# Exploratory Data Analysis for Cab Investment Project, by Vinicius Brun, 2024

## What is the business problem?
    The business problem is to determine the best cab company for investment: pink company vs yellow company. 
    To do that, I research for references about techniques to compare two companies and found Ratio Analysis (Chen, 2023). These are a series of quantitaive indicators used by investor to compare companies. Not all of them can be used with our data, but some of them can:
    - Net Profit Margin = Net Profit ⁄ Total Revenue x 100
    - Operating Margin Ratio = Net Operating Income / Total Revenue 
    [Net Operating Income = Gross Income - Operating Expenses]

    Other ratios that could be calculated with more financial data are: Price-to-Earnings Ratio, Return on Assets Ratio and Return on Equity Ratio. 

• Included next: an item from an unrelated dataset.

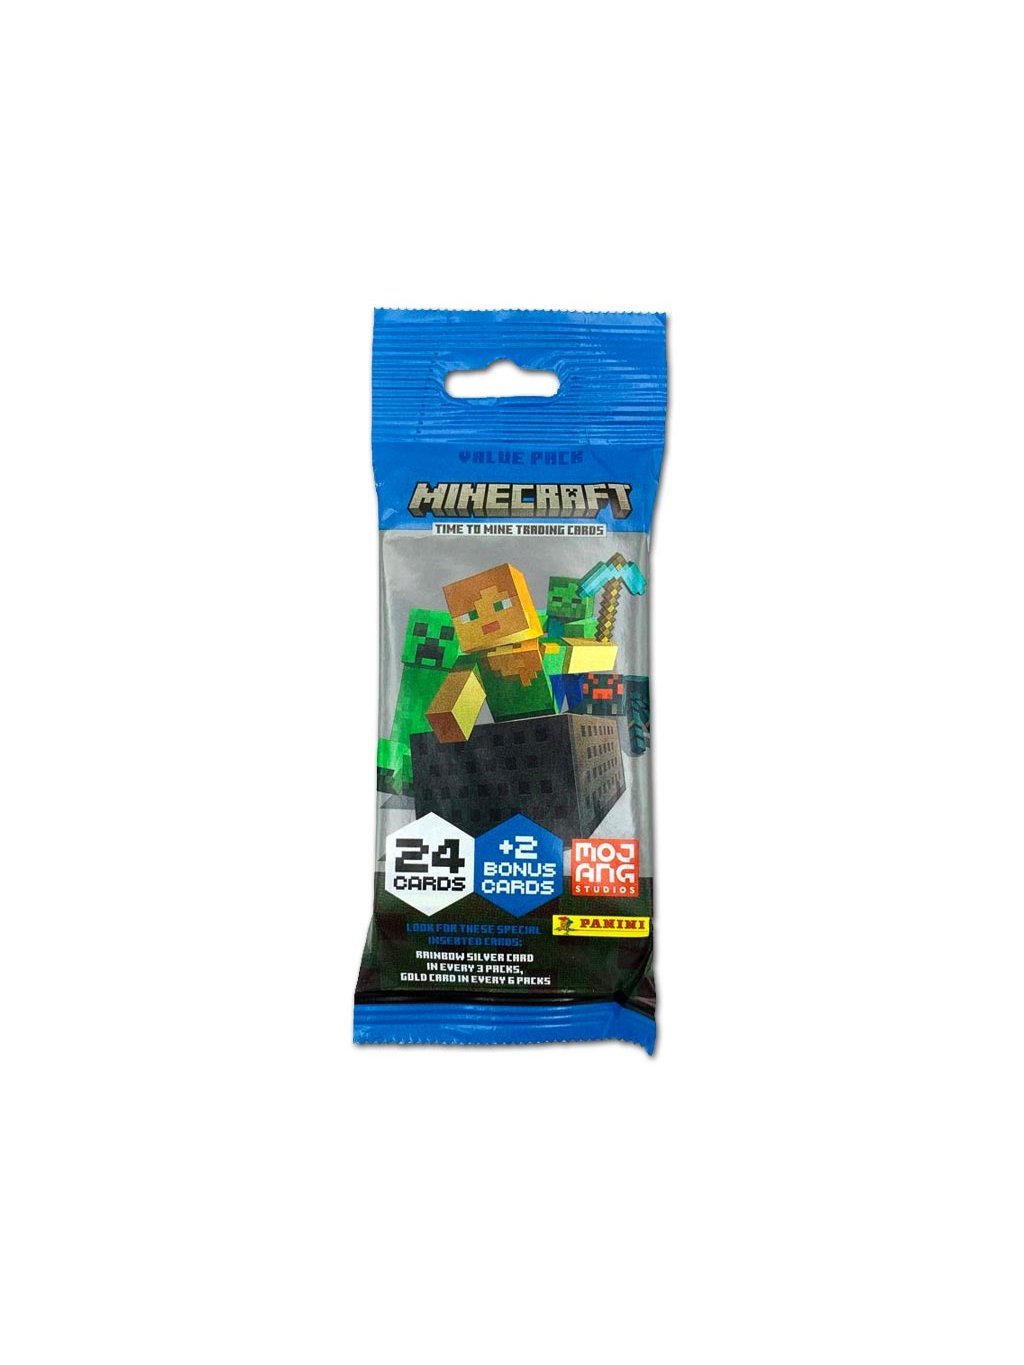 panini minecraft time to mine trading cards fat pack

    Another important analysis is about the taxi market. Recently ride share apps have become proeminent worldwide, but data indicates that the cab market remains strong (Statista, 2024). Research indicates that these two categories appeal to different customers.
    "Young people may be gravitating towards ride-sourcing because it presents a cost advantage over conventional taxis and is much more convenient in terms of service delivery. However, their use of ride-hailing services does not seem to be significant enough for it to be a threat to conventional taxis since few reported using their apps as their primary mode of transport or with high regularity (less than 2 weeks). Respondents tended to use ride-sourcing services for trips which were more social and were more likely to use them on trips during weekends, further demonstrating its limited use" (Dzisi et al., 2020).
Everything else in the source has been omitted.